Mortgage rates dive to record lows on coronavirus frightsMarch 7, 2020
As the concerns about the effect that the coronavirus will have on the global economy increases, mortgage rates have dropped to their lowest level in the history of Freddie Mac’s survey of mortgage lenders, which began in 1971.
The Federal Reserve cut interest rates Tuesday in an emergency move, according to the Wall Street Journal. The 30-year fixed-rate mortgage decreased to 3.29 percent from 3.45 percent last week, according to Freddie Mac.
The good news comes with a caveat because, typically, as mortgage rates drop, home sales rise.

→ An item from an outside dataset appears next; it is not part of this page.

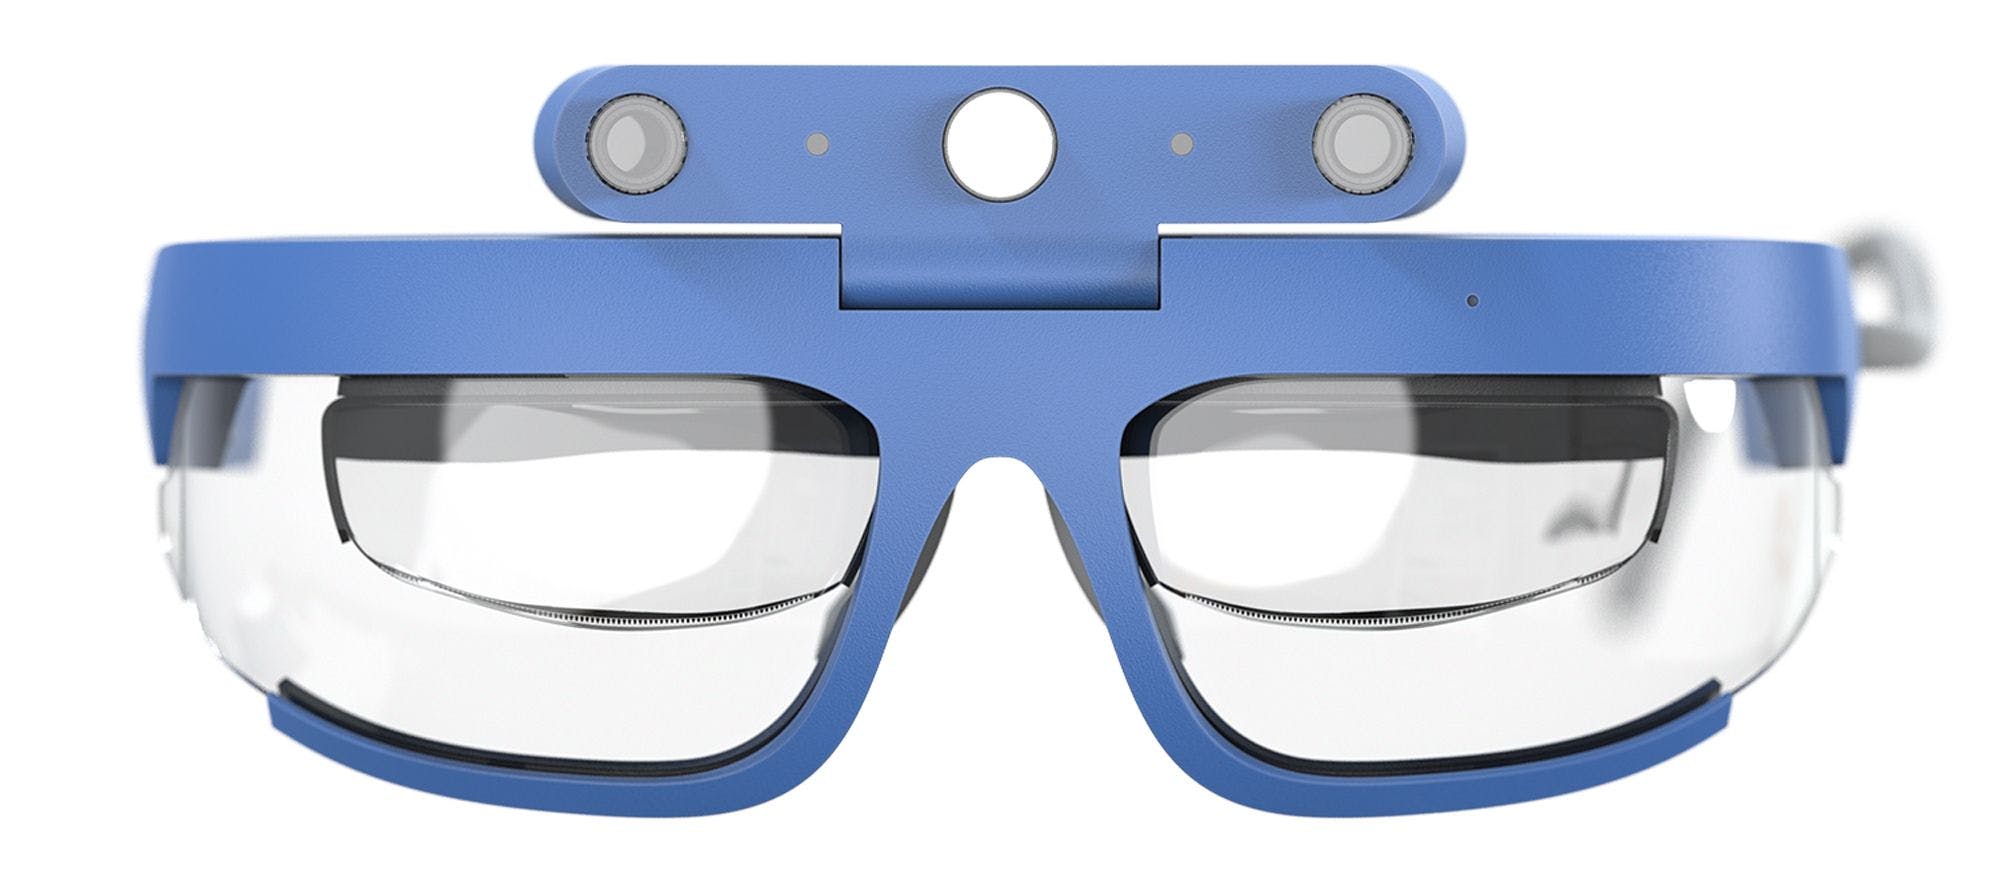 NuEyes to Launch Augmented Reality Smart Glasses NuLoupes | Image Credit: NuEyes

But with the coronavirus out there, some business had started hurting, with a few closing down and a few people choosing to self-quarantine, making buyers unwilling to visit homes and more willing to delay purchases, according to the Journal.
However, the declining rates have made the mortgage industry invest in new hires, predicting a year of refinancings, while still being optimistic about new home loans.
In 2019, low mortgage rates had restored the interest in the housing market, which was showing signs of a slowdown the year before, in 2018. This drop in the rates has also led to a growth in refinancings, which last year were at their highest level since 2006, the Journal published.
Refinancing requests were up 26 percent from the previous week, and surged more than 200 percent from the same period in comparison to 2019, according to Mortgage Bankers Association data released Wednesday, the paper reported.
Over sectors, real estate is feeling the effects of the coronavirus, especially the hospitality business, as travel constraints across the country and around the world have led to massive cancelations.
Last week, a type of real estate stocks called the SNL U.S. REIT Equity index fell about 12.3 percent, according to S&P.